Jack Winfield

Personal information
- Nationality: British (English)
- Born: 27 October 1907 Stanley Common, Derbyshire, England
- Died: January 1991 (aged 83) England

Sport
- Sport: Athletics
- Event: long-distance
- Club: Derby & County Athletic Club

Medal record
Men's Athletics
Representing England
British Empire Games
| Bronze medal – third place | 1930 Hamilton | 3 miles |

= Jack Winfield =

English long-distance runner (1907-1991)

John William Winfield (27 October 1907 – January 1991) was an English long-distance runner who competed in the 1930 British Empire Games.

== Career ==
Winfield was born in Stanley Common. Shortly before the 1930 British Empire Games in Canada, Winfield became the national 10 miles champion after winning the British AAA Championships title at the 1930 AAA Championships.

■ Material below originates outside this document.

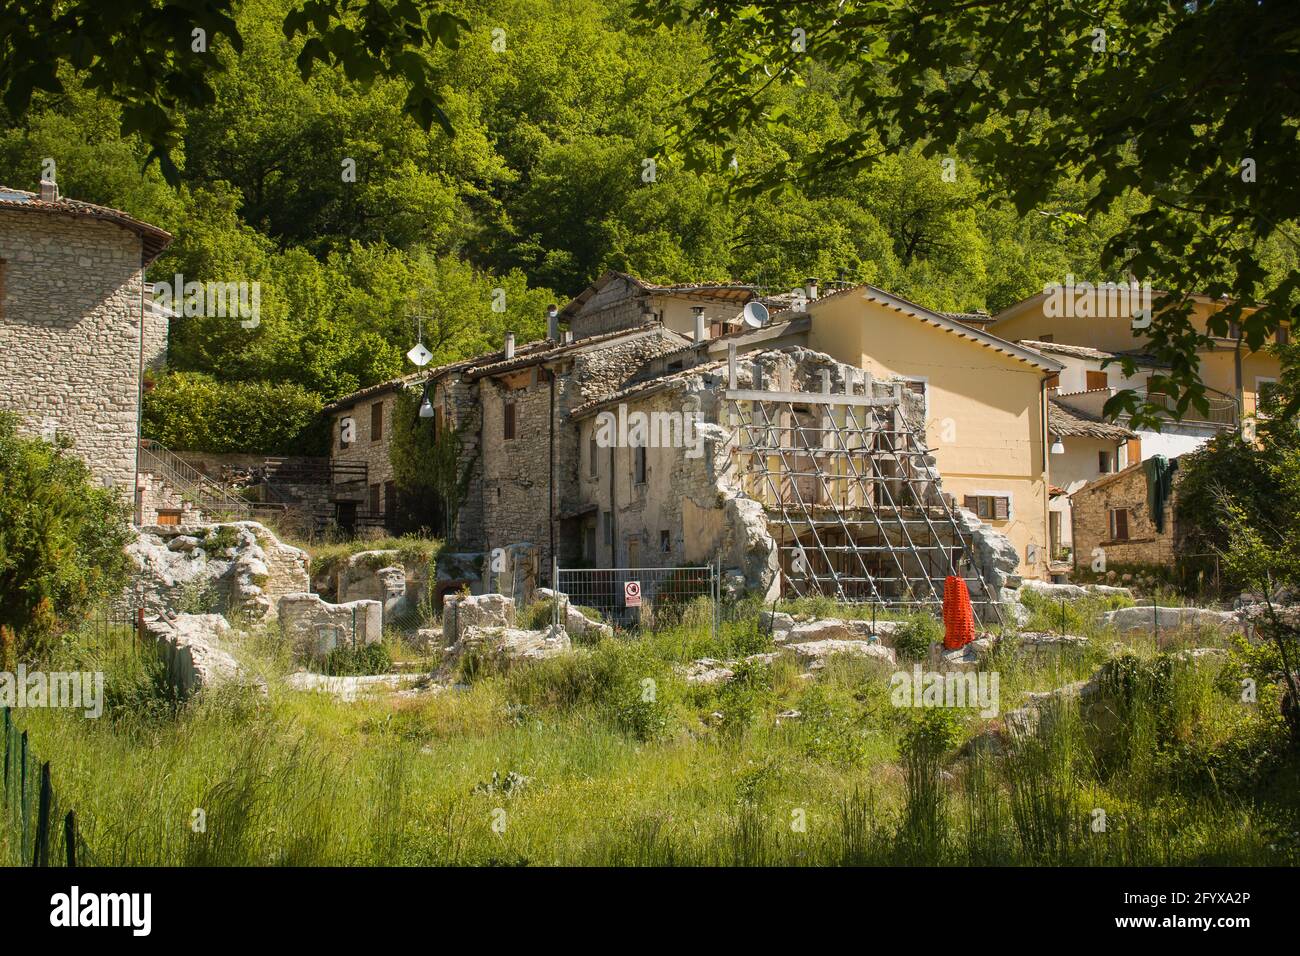 View of Ussita mountain village destroyed by earthquake of 2016 in the Marche region, Italy Stock Photo

At 1930 Empire Games he won the bronze medal in the 3 miles event. In the 6 miles competition he finished seventh. The following year he successfully retained his 10 mile title at the 1931 AAA Championships.

Winfield continued to run at a high level and took up marathon running. He finished third behind Jim Peters in the marathon event at the 1951 AAA Championships. Aged 44 he was shortlisted for the 1952 Olympic Games but was unable to take a place due to finance issues.